7 Things Worth Knowing about Rental Income Property Security Deposits

A security deposit is money paid by a tenant to the property owner before the tenant moves in and occupies a unit in the owner’s rental income property.

The purpose of the security deposit is straightforward: It assures the investment property owner that the tenant will pay rent on time and will keep the rental unit in good condition.

When the tenant terminates the rental agreement and moves out of the unit, if there is no rent money owed or any damage to the unit, the security deposit is returned to the tenant plus interest—as dictated by state law–but typically only for the number of months that the rent is paid in full and on time.

Okay, here is a list of seven things about security deposits real estate investors should know the next time they rent their rental income property.

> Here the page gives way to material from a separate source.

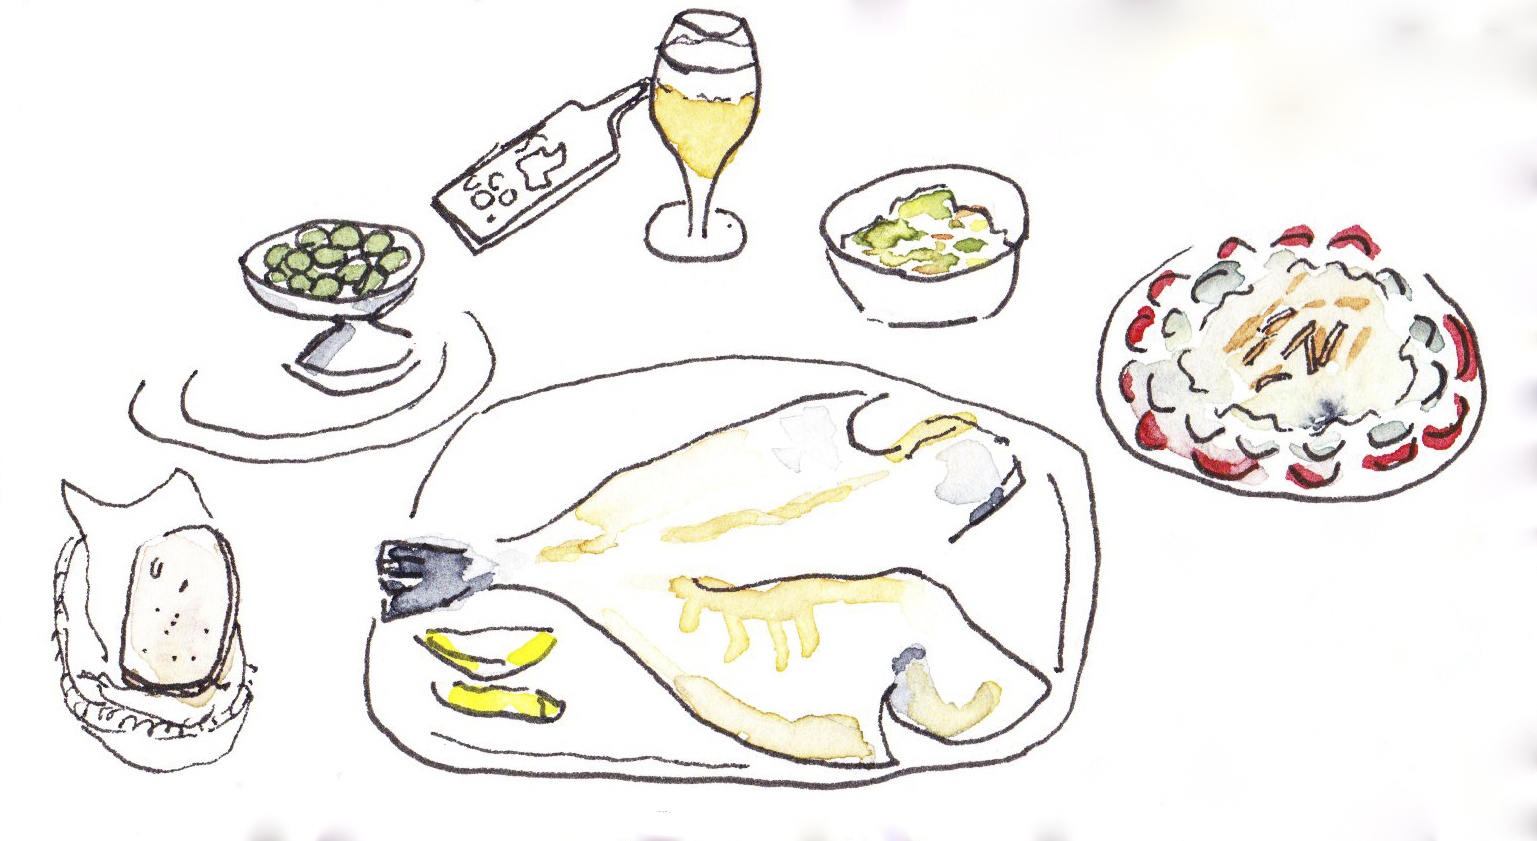 Watercolor painting of the meal at Tasquinha do Chefe Laçarote

  1. Security deposits should be kept in a special escrow account.
  2. Rent collected in advance of the first month is not considered part of the security deposit agreement.
  3. Security deposits typically cannot be held for normal wear and tear to the unit.
  4. Security deposits can typically be held to pay for damage to a rental unit caused by the tenant, a family member, or a guest.
  5. Security deposits can typically be held for unpaid rent.
  6. Security deposits can typically be held to pay for the replacement of any property that may have been taken by the tenant.
  7. Security deposits can typically be held to pay for any necessary cleaning required to restore the unit to its condition before the tenant took occupancy (excluding ordinary wear and tear).

Security deposits are a valid way for real estate investors to create a tenant’s interest in the property. Obviously, a tenant that has a portion of his or her money tied up in the property tends to be more motivated to be responsible and to keep things in reasonably good condition.

A smart rental income property owner will always ask for it.